The first I see as the natural man. The second I see as one who is repentant and working on becoming more Christ-like. The third I see as reaching a Godly, Christ-like, or celestial character.
The second area has been more of a combined discussion with my wife. As we read in the Old Testament about kings who followed David and Solomon, they were often compared to David in terms of their standing with Jehovah. Specifically, those who did not follow Jehovah were said to be not like unto David whose heart was right with God all his life. In the earlier post I noted the issue of his committing adultery with Bathsheba. Later he tried to cover it up by having her husband, Uriah, return home and be with her. When Uriah refused to cooperate, David had him sent to where he would be killed in battle. So how could the scripture later claim his heart was with God all the days of his life?
The context of the Old Testament scriptures with such a comparative statement are about the keeping of the Mosaic Law while later kings did not. Many even allowed or participated in the worship of other gods, including Solomon. So it is likely Jehovah refers to this aspect of David’s character. He did marry Bathsheba and it is through her line that both Solomon and later Jesus was born. D&C 132:39 affirms the following:
39 David’s wives and concubines were given unto him of me, by the hand of Nathan, my servant, and others of the prophets who had the keys of this power; and in none of these things did he sin against me save in the case of Uriah and his wife; and, therefore he hath fallen from his exaltation, and received his portion; and he shall not inherit them out of the world, for I gave them unto another, saith the Lord.
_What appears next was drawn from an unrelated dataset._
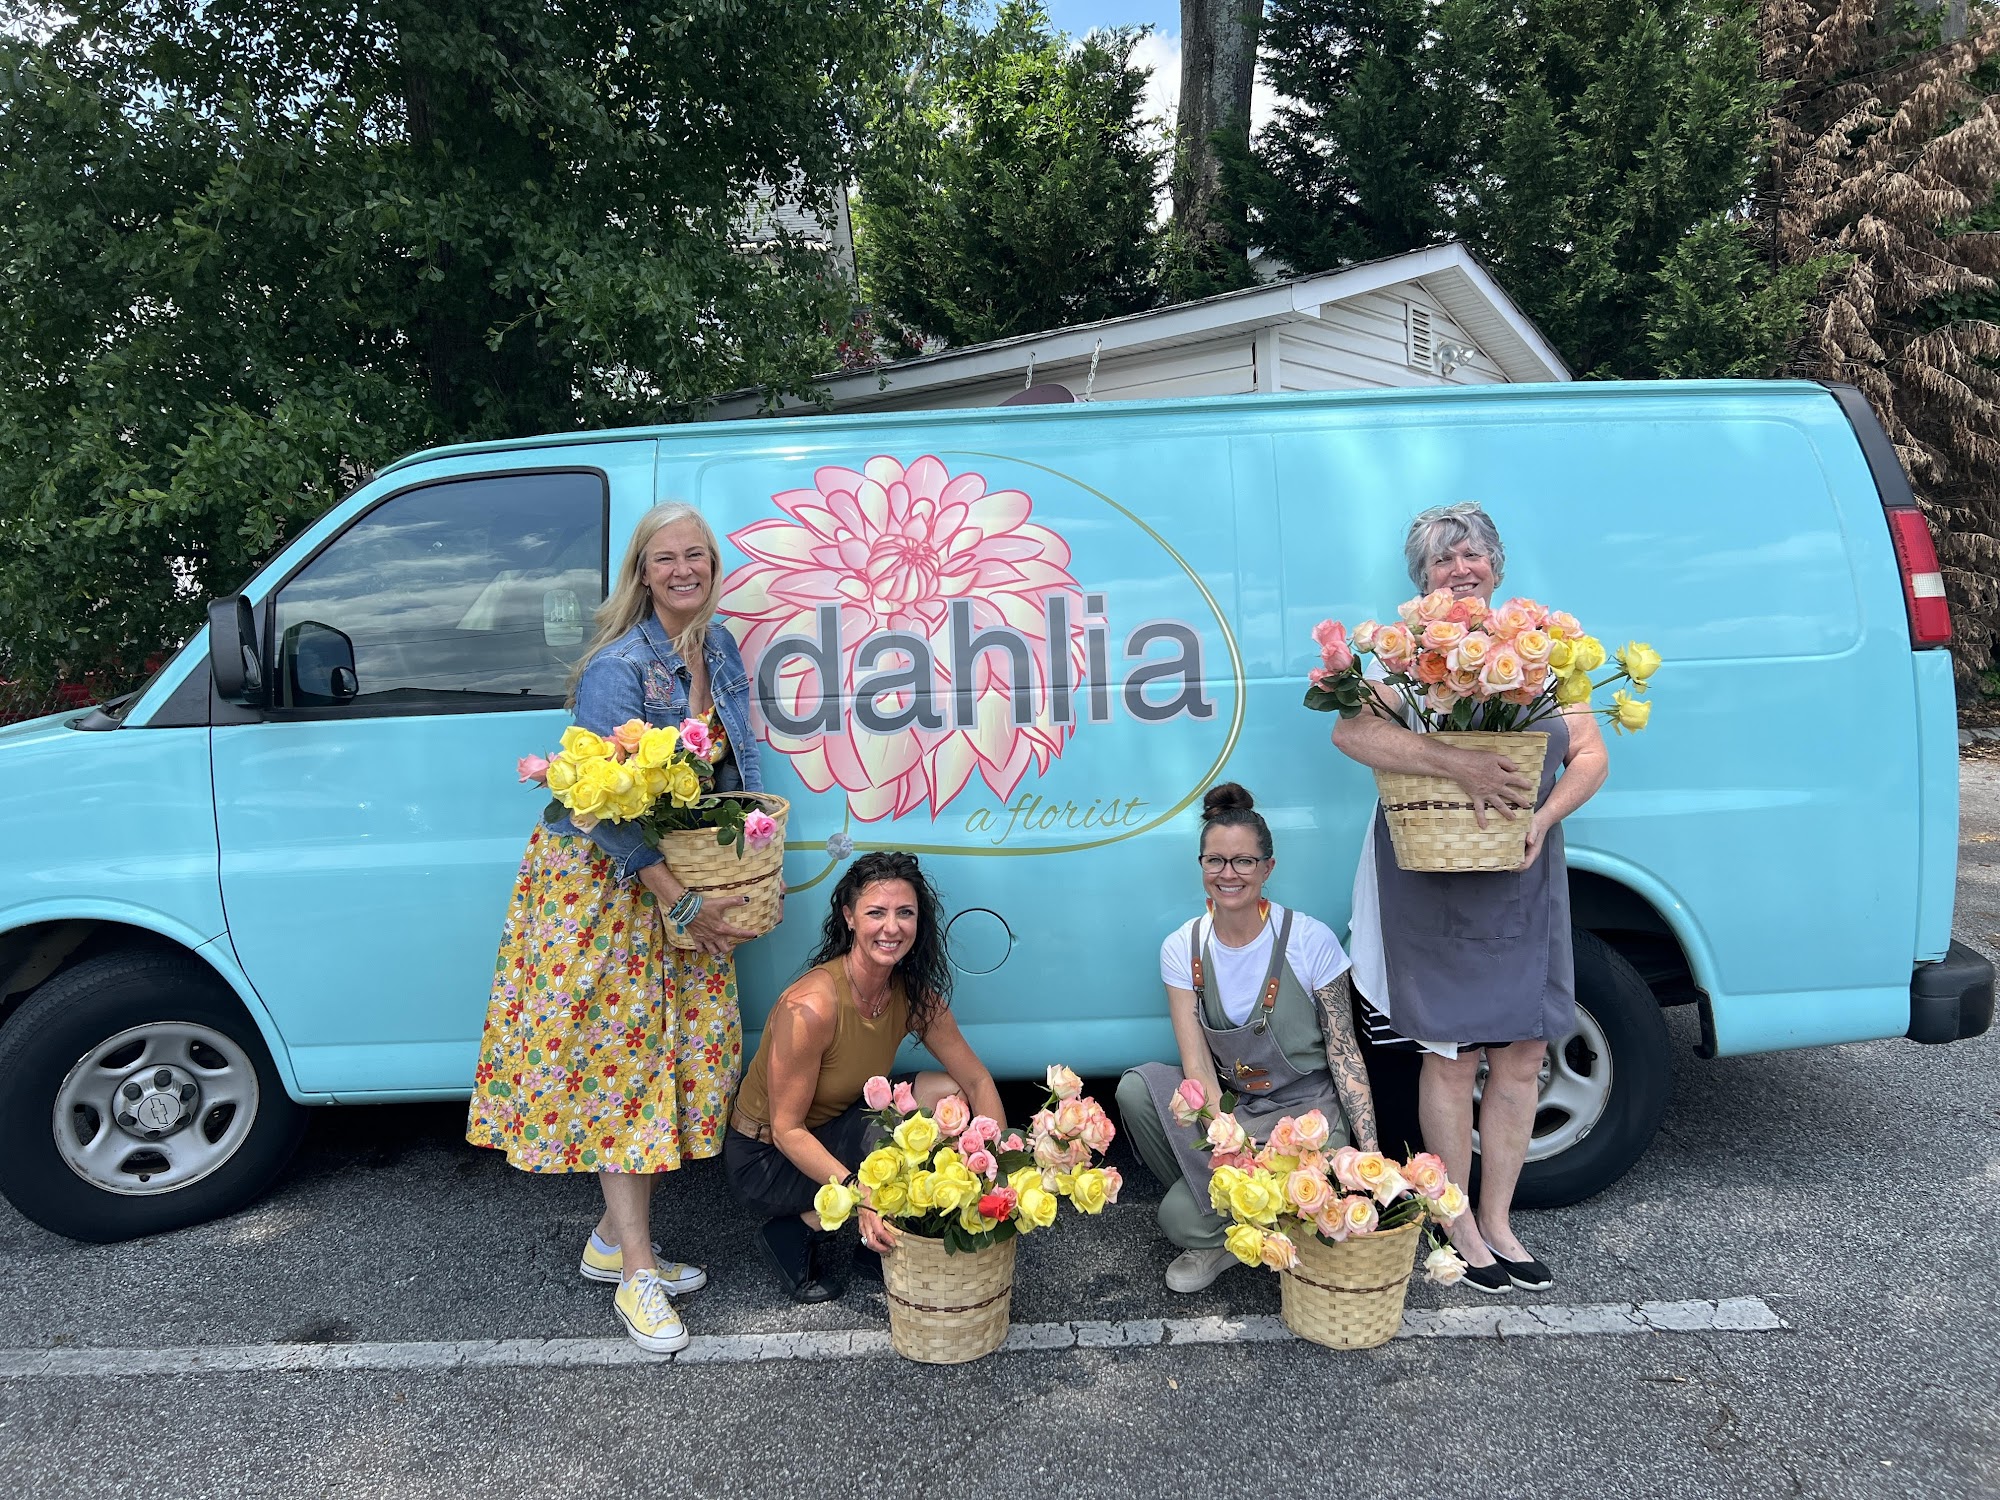 Dahlia A Florist

So he was not forgiven, or did not fully repent of those sins. Yet he may have been repentant, even if beyond forgiveness in the combination of adultery and shedding of innocent blood. He may have been repentant, but in terms of the question of whether his lifetime of following the law was sufficient to overcome these two grievous sins the answer is no. It would appear David was not repentant sufficiently to receive the full cleansing power of the atonement.
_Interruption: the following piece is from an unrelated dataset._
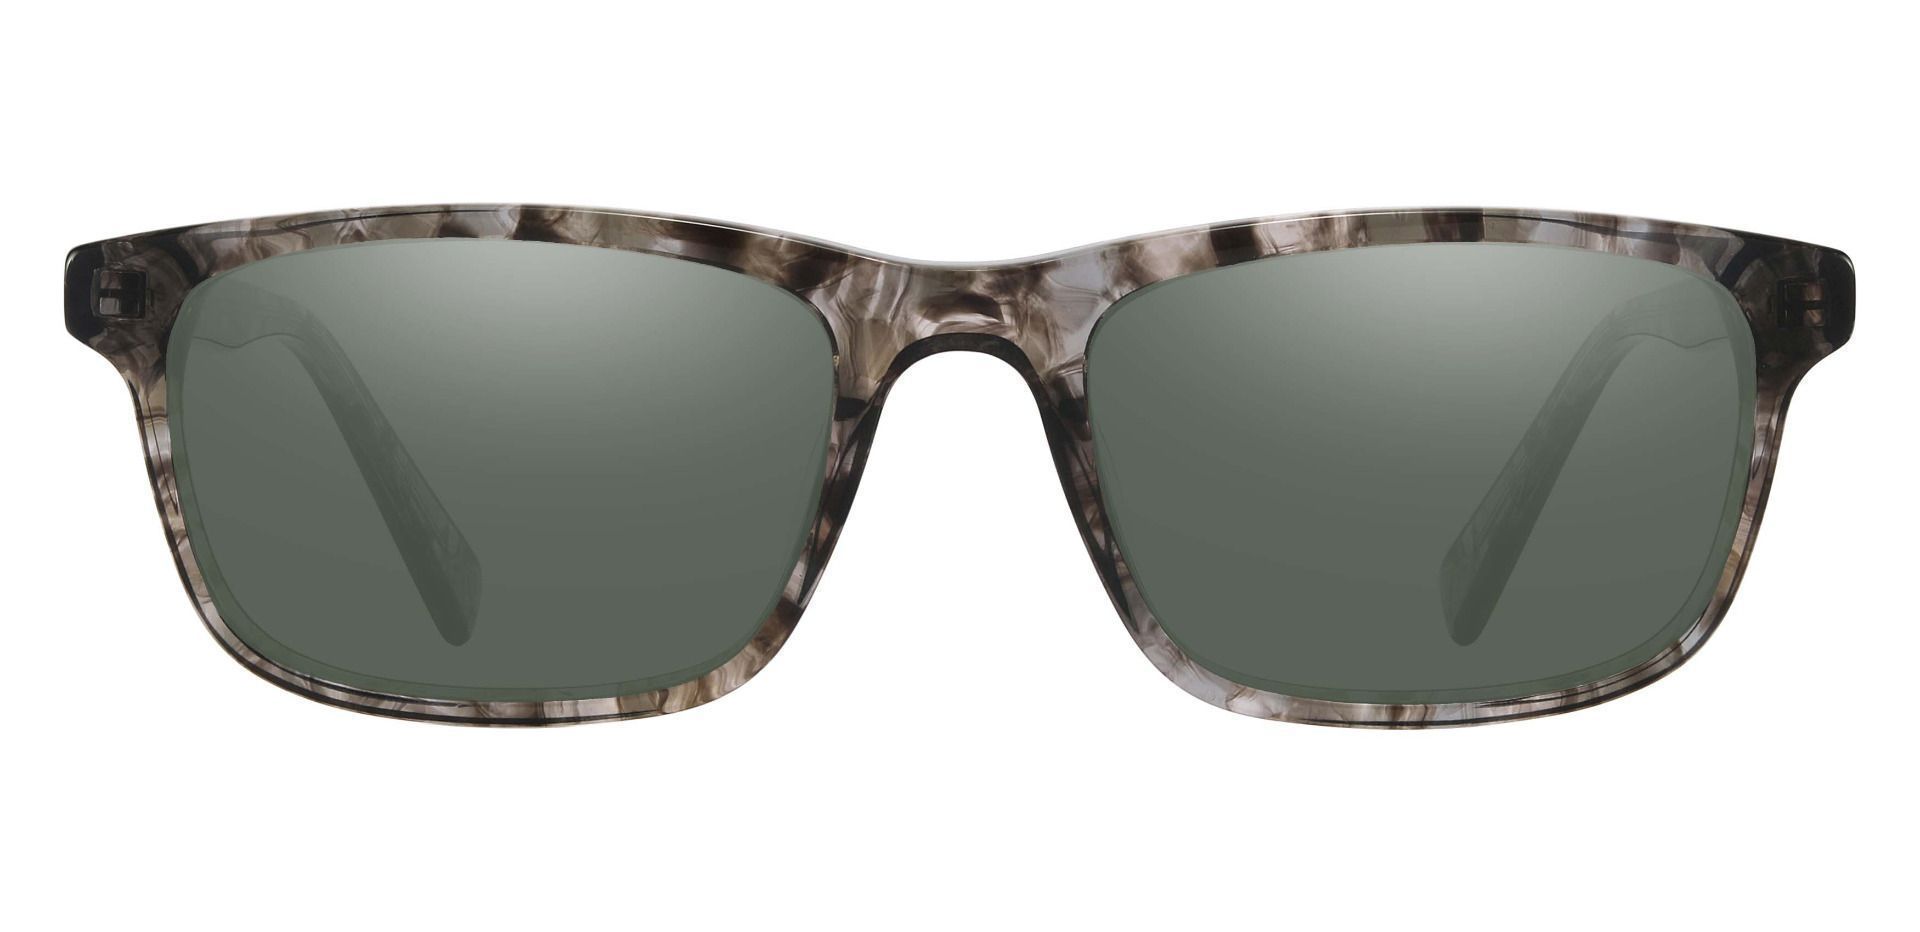 Munich Rectangle Prescription Sunglasses - Gray Frame With Green Lenses

Back then to the question of putting off the natural man. In my mind, I had often wondered in the past that in order to achieve this goal one had to reach the third saying, to become fully Christ-like. Lately I think maybe the answer is to move along the continuum. At one end of the continuum is the absolute of the natural man. At the other the absolute of being Godly. We all likely fall somewhere along the gradation line between the two extremes. I’ve come to believe that if we have moved along the continuum to any degree away from the natural man and toward being Christ-like then we have put off the natural man. At that point, so long as we are repentant and move along the line we are cleansed and perfected through the sacrifice of the Savior. It is not our change that cleanses us, or makes us Godly, but rather it is the power of the atonement that gets us to the celestial. Since we never can be perfected without the atonement, then we are cleansed and perfected throughout our lives.
I’m comfortable that repenting is the same as putting off the natural man. We don’t have to reach perfection all at once, but over time as we rely on, have faith in, the power of Jesus Christ. Reaching the goal of losing the natural man and becoming Christ-like in this way does not seem overwhelming or impossible. In fact, the gospel, in this way, becomes its namesake good news.